An experimental vaccine developed by Cleveland Clinic offers new hope for women affected by triple-negative breast cancer: the most difficult type of breast cancer to treat.
There’s fresh hope for women affected by a cancer known as triple-negative breast cancer (TNBC), which accounts for 10-15% of all breast cancer cases. This type of cancer is more common in young patients (under the age of 50) and is known to be one of the hardest cancers to beat.
The hope comes in the form of a vaccine developed by Cleveland Clinic: a major centre for biomedical trials in the United States. After lengthy studies, the vaccine was tested on a small group of women for the first time, with results that look promising.

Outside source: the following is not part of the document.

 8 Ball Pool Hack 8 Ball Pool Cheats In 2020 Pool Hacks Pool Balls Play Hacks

The term “triple negative” refers to the absence of two specific types of receptors (proteins on the external wall of cancer cells that “hook onto” oestrogens and progesterone) and the lack of mutation of a gene called HER2, which, in contrast, is often found in other types of breast cancer.
These three “factors” (HER2 mutation, as well as oestrogen and progesterone receptors) are the key targets of many types of drugs currently available to oncologists treating breast cancer. However, the absence of all three makes it much harder to “attack” TNBC, which has a greater tendency than other types of cancer to recur and develop resistance.

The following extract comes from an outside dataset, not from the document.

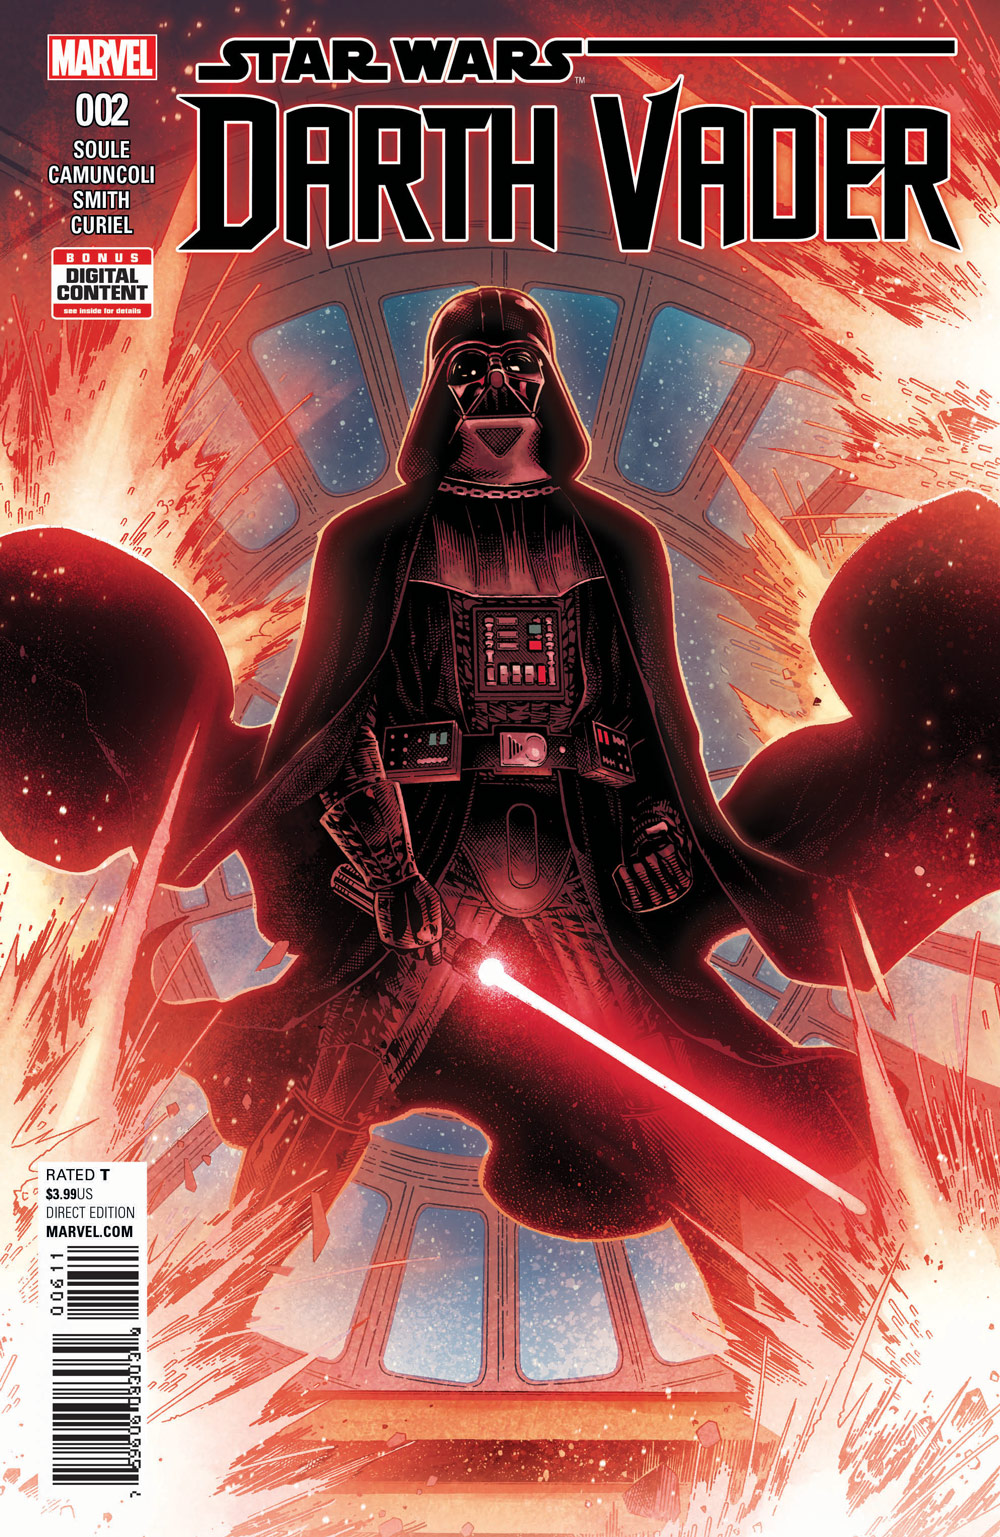 Star Wars Book Cover Art : Star wars borg

All eyes are on a lactation protein
In the absence of the “classic” targets, the vaccine created by Cleveland Clinic targets a protein that’s normally only present during lactation: alpha-lactalbumin, which is produced by most triple-negative cancers.
The US researchers came up with the idea of using a vaccine to “train” the immune system to identify this molecule, thus activating a fast and effective response to protect against any cancer cells producing it.

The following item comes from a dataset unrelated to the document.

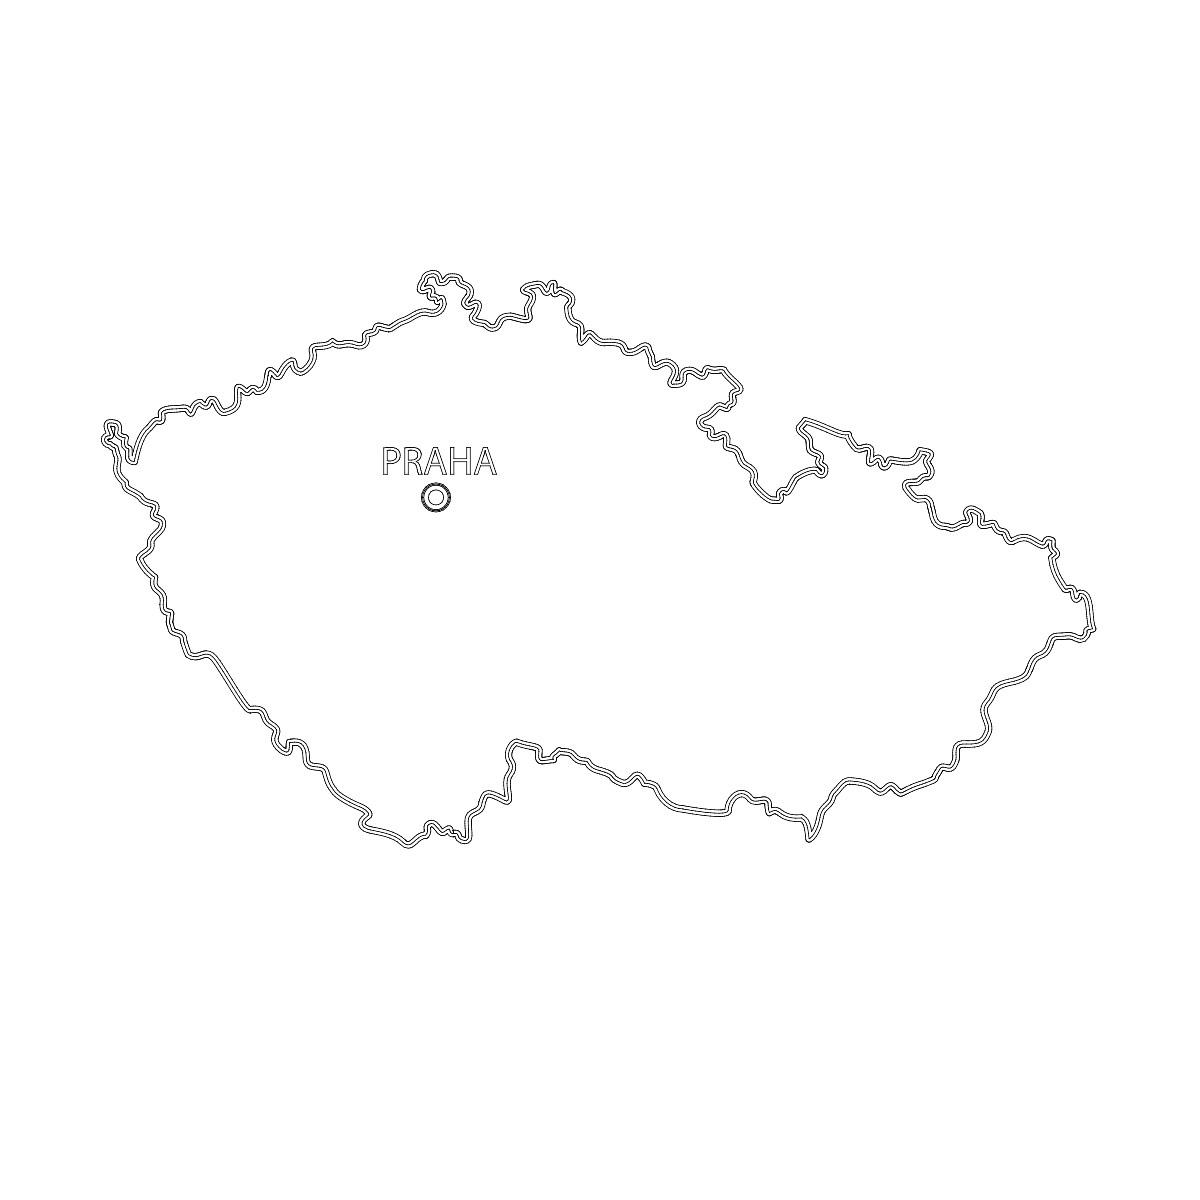 Stahnete Si Zdarma Mapu Cr V Krivkach Design Portal

The vaccine took two decades to prepare and it was only after extensive experimentation on laboratory animals with triple-negative cancers that the researchers decided to start testing it on a small group of women. The Cleveland Clinic immunologists selected 26 patients of three different types:
All participants were given the vaccine, to assess its toxicity and determine the best doses.
As presented at the recent Society for Immunotherapy of Cancer meeting and published in the Journal for ImmunoTherapy of Cancer, the trial identified optimal doses in various scenarios, leading to a better understanding of the potential toxic effects, such as injection site reactions, ulceration or other symptoms, which can therefore be treated promptly should they occur. Above all else, however, the tests proved that the vaccine works, because it produces specific antibodies if and when alpha-lactalbumin-producing cancer cells appear.
2025 marks a new trial phase
All the data collected has provided a solid foundation for progression to phase two, in which the researchers will study larger patient cohorts and start assessing the vaccine’s efficacy against this type of cancer. This phase is expected to begin in 2025 and will last around three years.
If this treatment’s efficacy is confirmed, it will be used primarily in women at high risk, such as those with variants of the BRCA1 and BRCA2 genes (the most famous case being that of the actress Angelina Jolie), which make the onset of cancer more likely, even at a young age.